Джоэл, которому наконец-то удалось распробовать свой пломбир в полной мере, улыбнулся:
– Как ты определила, какое мороженое я люблю?
– Просто почувствовала, – ответила Мелоди, зачерпывая шоколадное лакомство. – Джоэл… скажи, а ты и вправду считаешь, что мои меллинги хороши? Что у меня и в самом деле талант?
– Конечно! – воскликнул Джоэл, делая глоток содовой. – Мне довелось тайно побывать на многих лекциях по рифматике, и ни один профессор не прорисовывает своих меллингов так скрупулезно, как ты.
– Тогда почему мне никак не даются остальные рифматические элементы?
– Постой, разве тебе не все равно?
– Конечно, не все равно! Стала бы я делать из всего этого трагедию, если бы мне было не наплевать!
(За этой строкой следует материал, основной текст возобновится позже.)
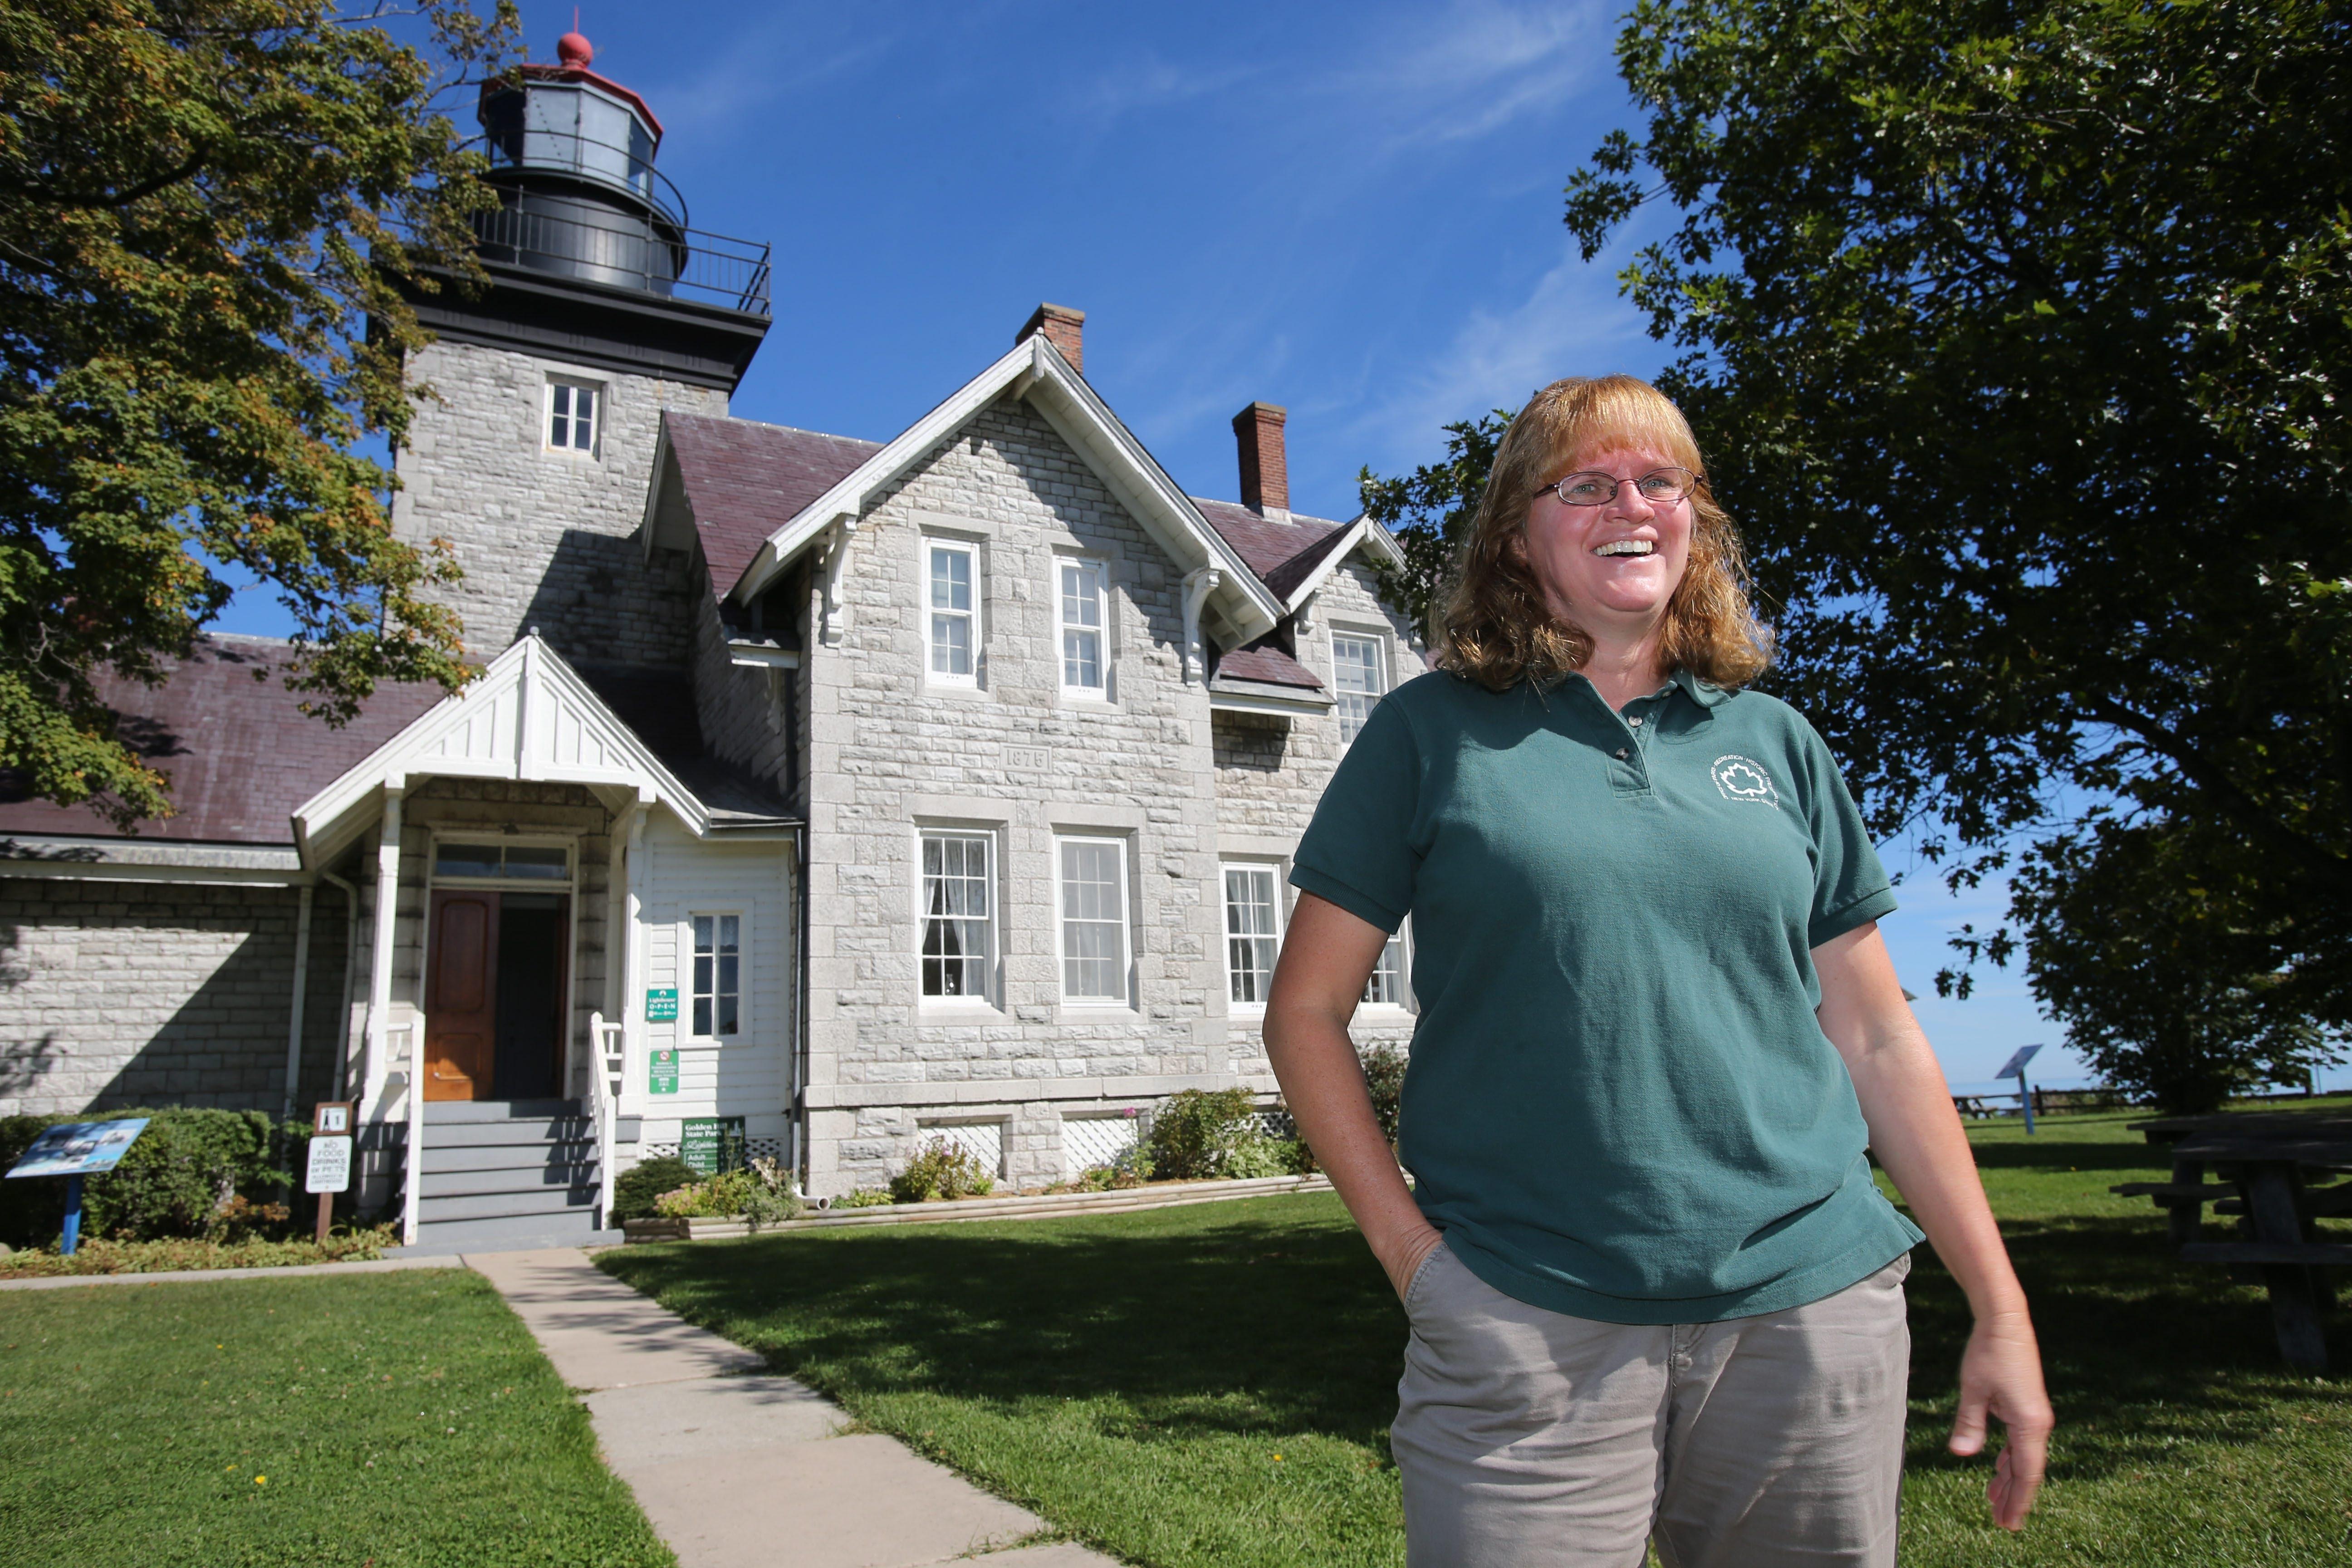 Barbara Larson, President of Friends of the Lighthouse, outside of the 30 Mile Pt. Lighthouse in Golden Hill State Park in Barker, Thursday, September 26, 2013.  (Charles Lewis/Buffalo News)

– Может, стоит больше практиковаться?
– Я уже тонну мелков извела!
– Тогда я даже и не знаю… А как ты умудрилась удержать меллингов за своей защитой? Считается, что их сложно контролировать, а ты как будто и вовсе усилий не прилагала…
– Сложно?
– Наверняка я тебе не скажу, потому что я все-таки не рифматист. – Джоэл отправил мороженое в рот и примолк, распробовав сладкий сливочный вкус; облизал ложку и только затем снова заговорил: – Я не слишком-то знаком с теорией меллингов. В библиотечном крыле для обыкновенных студентов книг на эту тему – раз-два и обчелся! А профессор Фитч – единственный, кто не прогонял меня со своих лекций, – теорию меллингов не преподает.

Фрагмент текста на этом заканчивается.